Copy task, pictures excluded: set down exactly the lines from the one containing "190162 Actieset met Alpenhuizen" to the end of the data below.
-------- PROVIDED MATERIAL
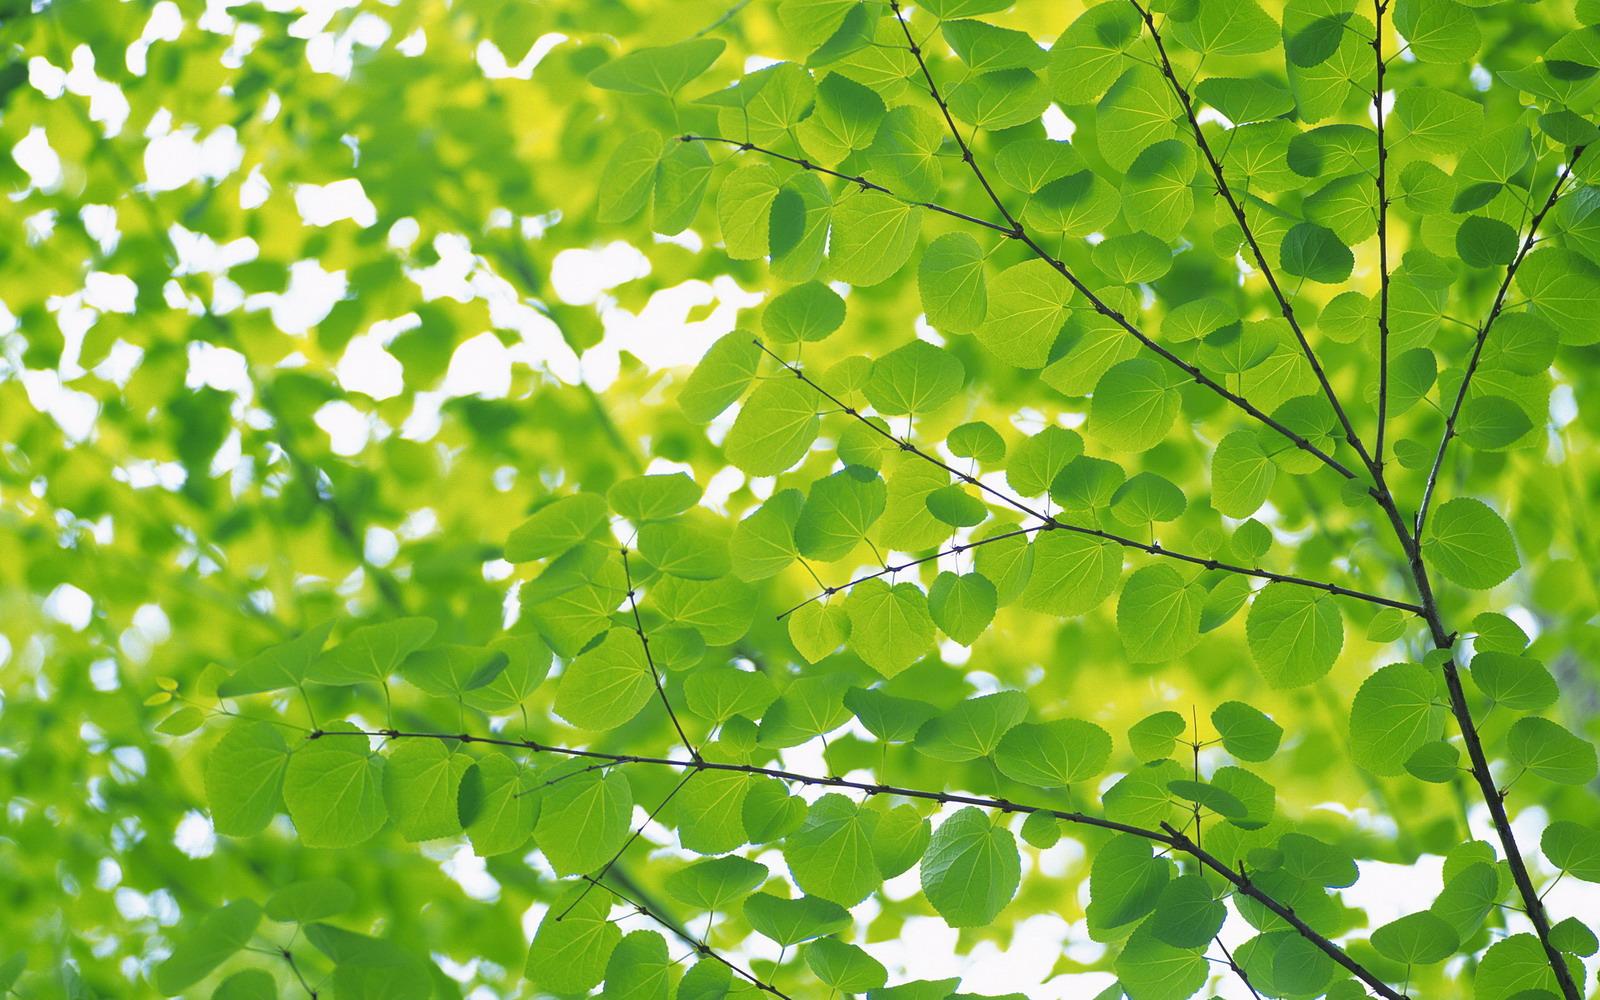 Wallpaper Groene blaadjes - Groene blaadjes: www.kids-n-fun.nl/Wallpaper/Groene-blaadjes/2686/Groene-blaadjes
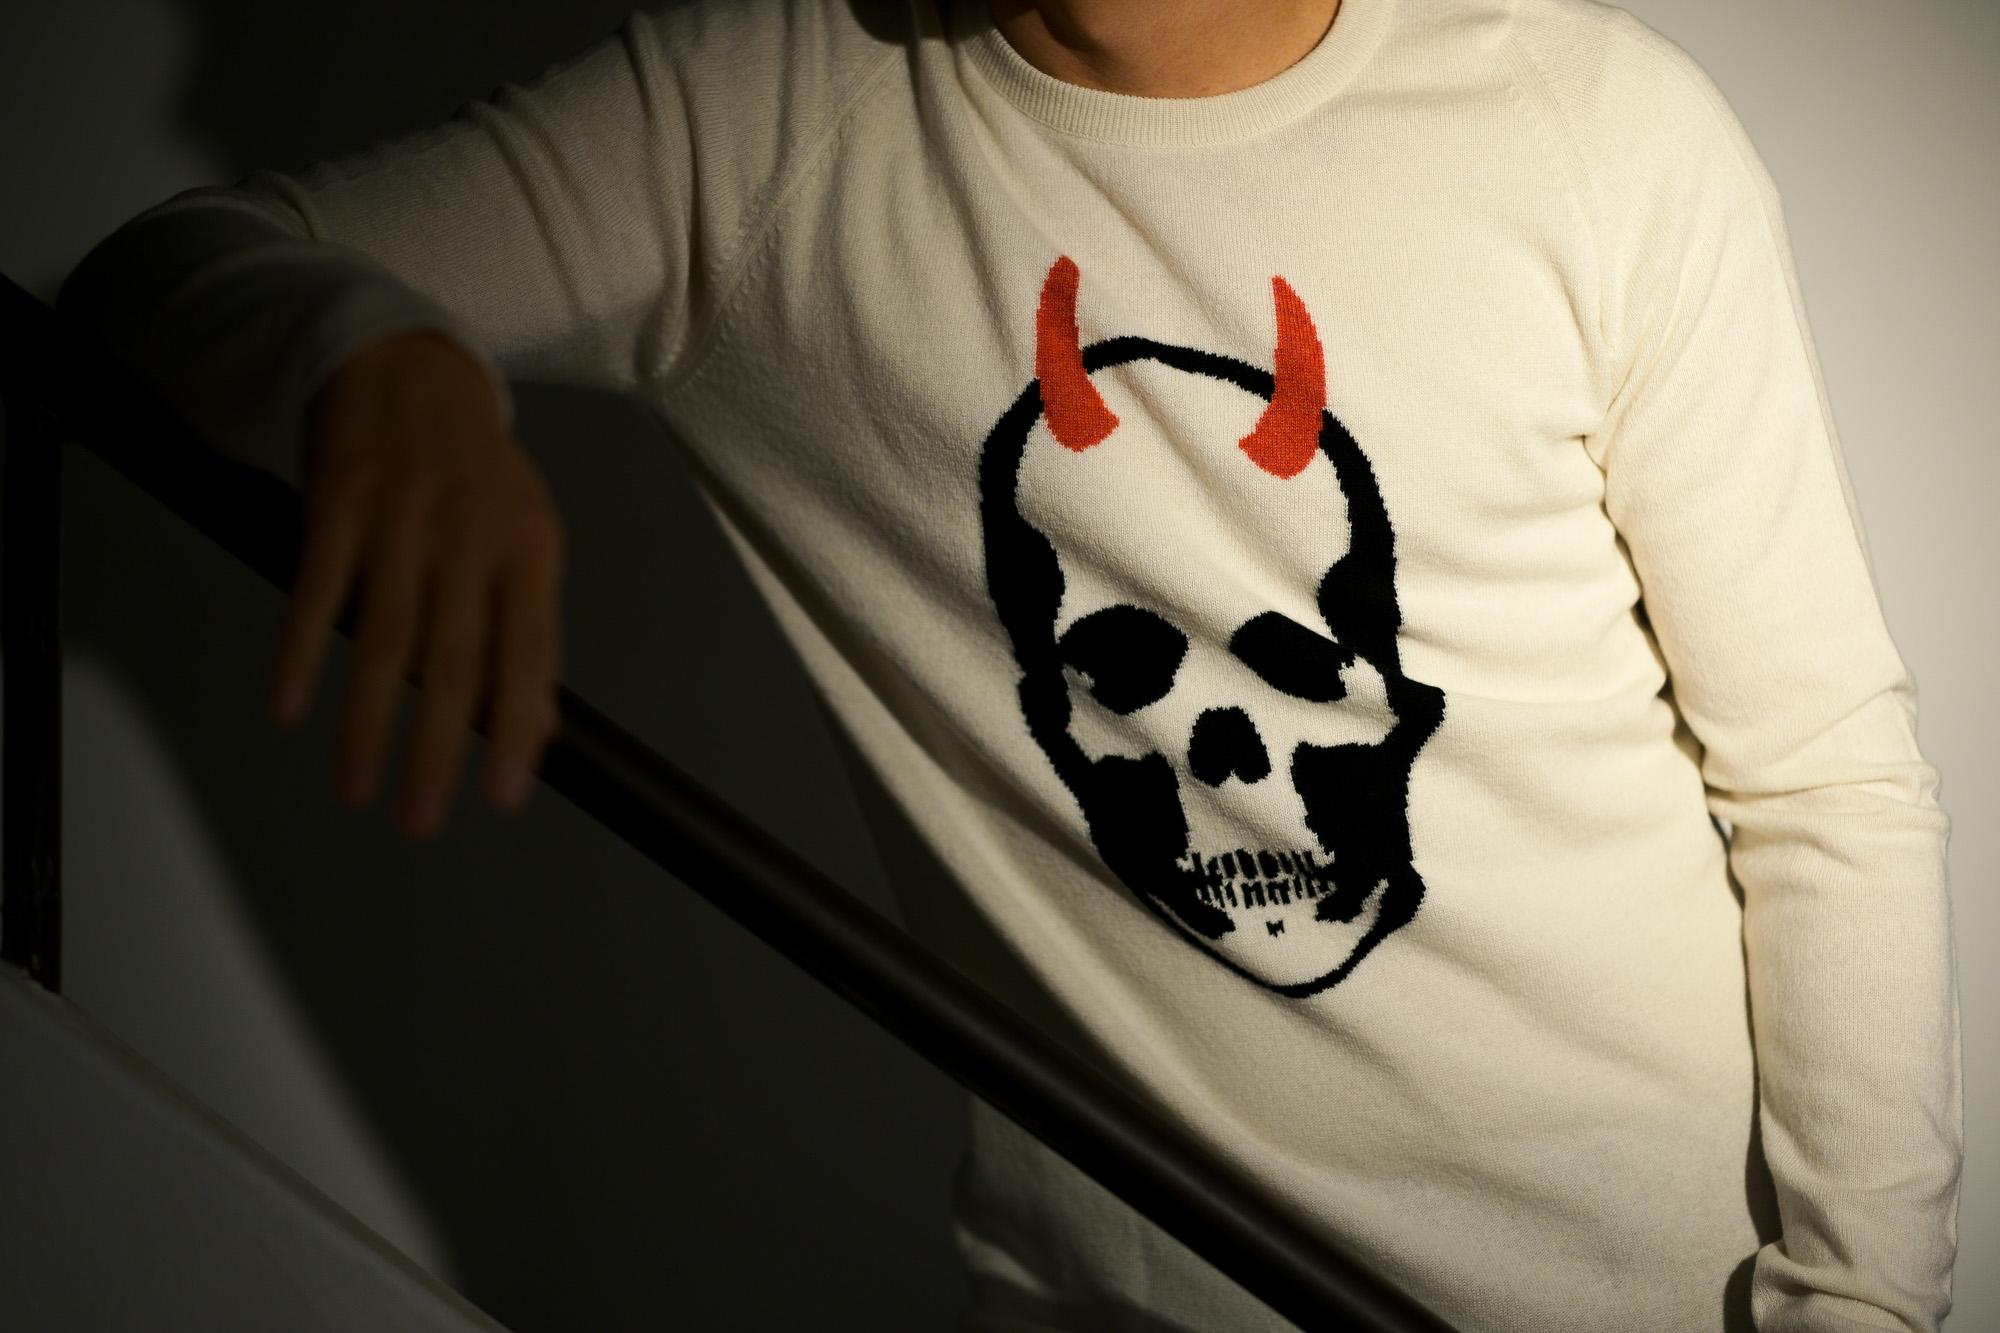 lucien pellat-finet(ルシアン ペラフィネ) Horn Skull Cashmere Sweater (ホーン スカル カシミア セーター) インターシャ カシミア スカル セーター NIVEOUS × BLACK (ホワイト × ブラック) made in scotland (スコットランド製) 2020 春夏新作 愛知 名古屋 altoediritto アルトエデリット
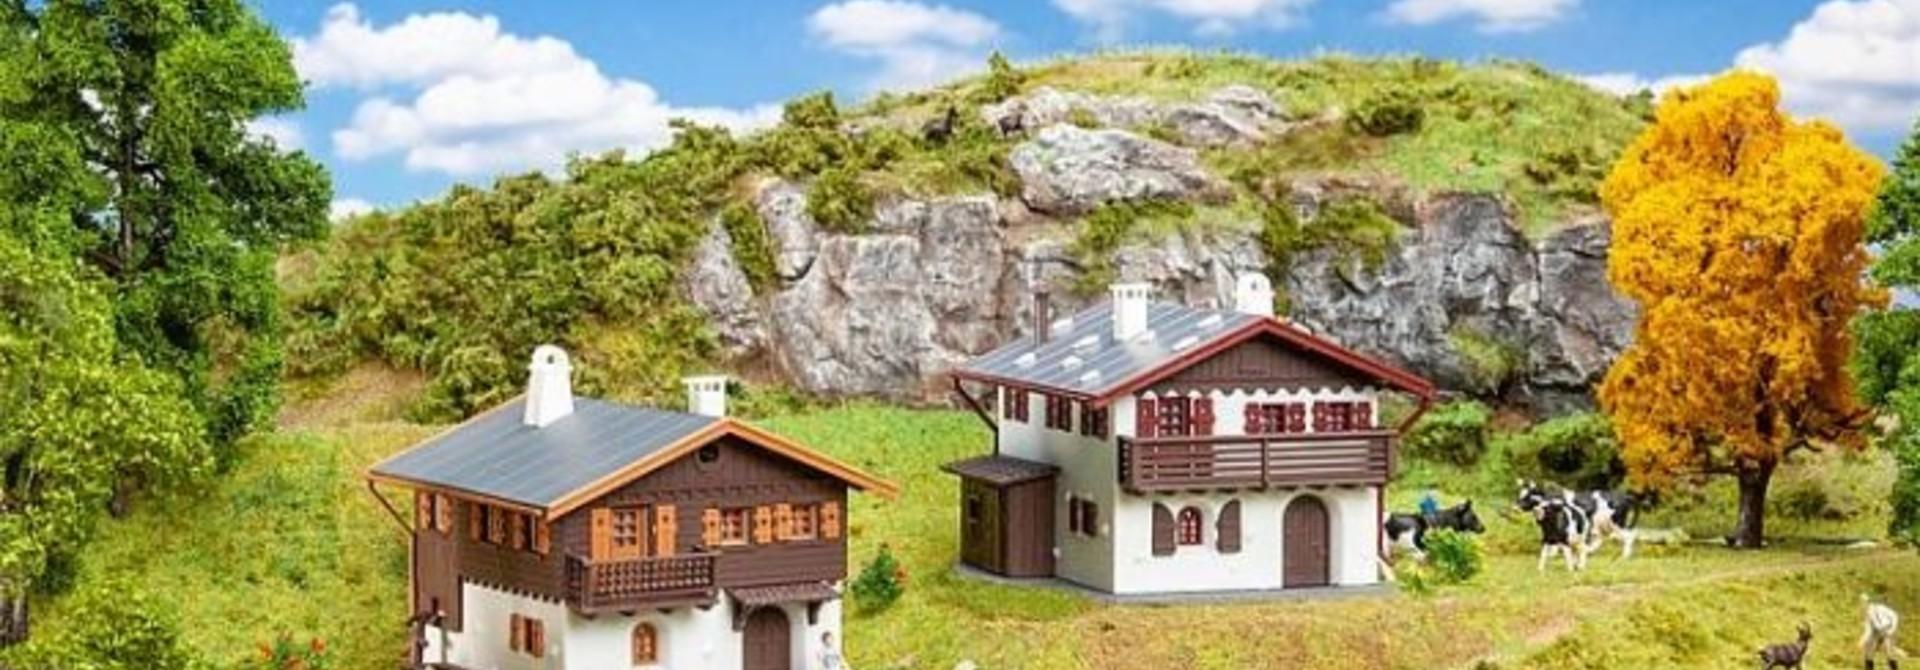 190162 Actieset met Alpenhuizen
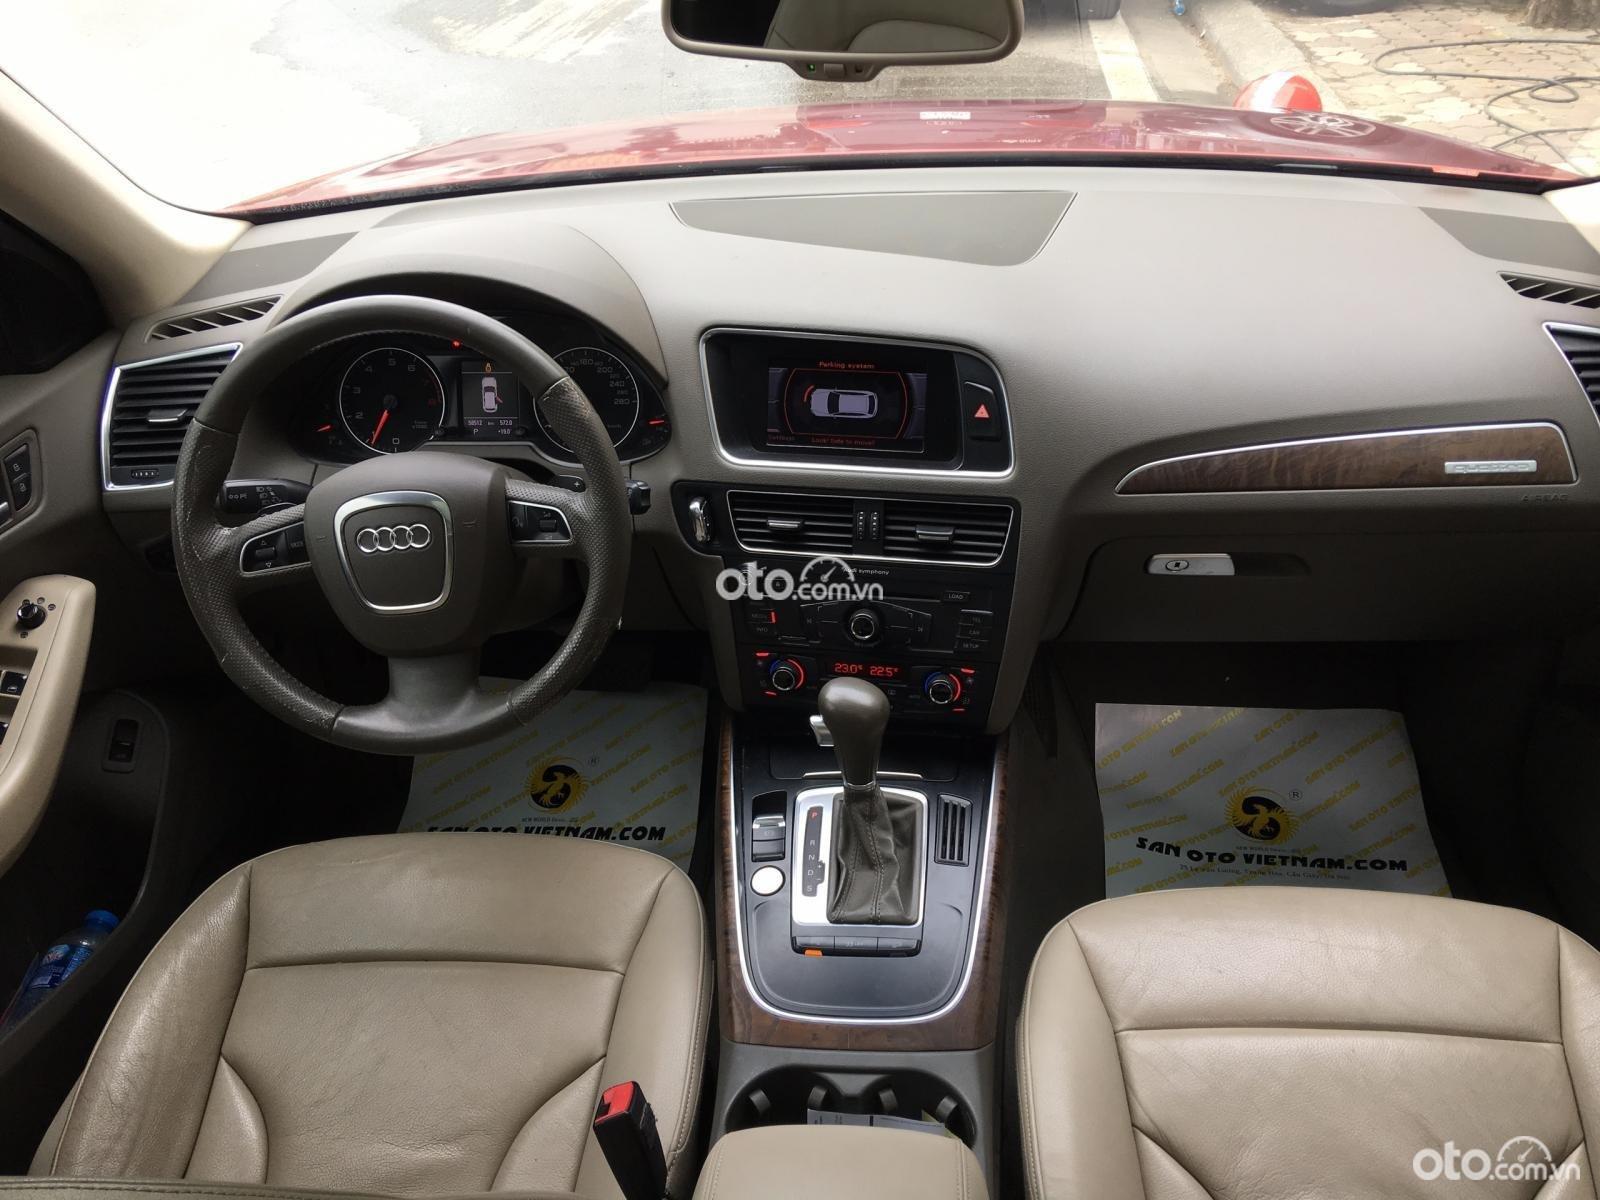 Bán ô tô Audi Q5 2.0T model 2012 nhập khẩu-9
----------------
#### RESULT OF THIS EXERCISE
 190162 Actieset met Alpenhuizen
 Bán ô tô Audi Q5 2.0T model 2012 nhập khẩu-9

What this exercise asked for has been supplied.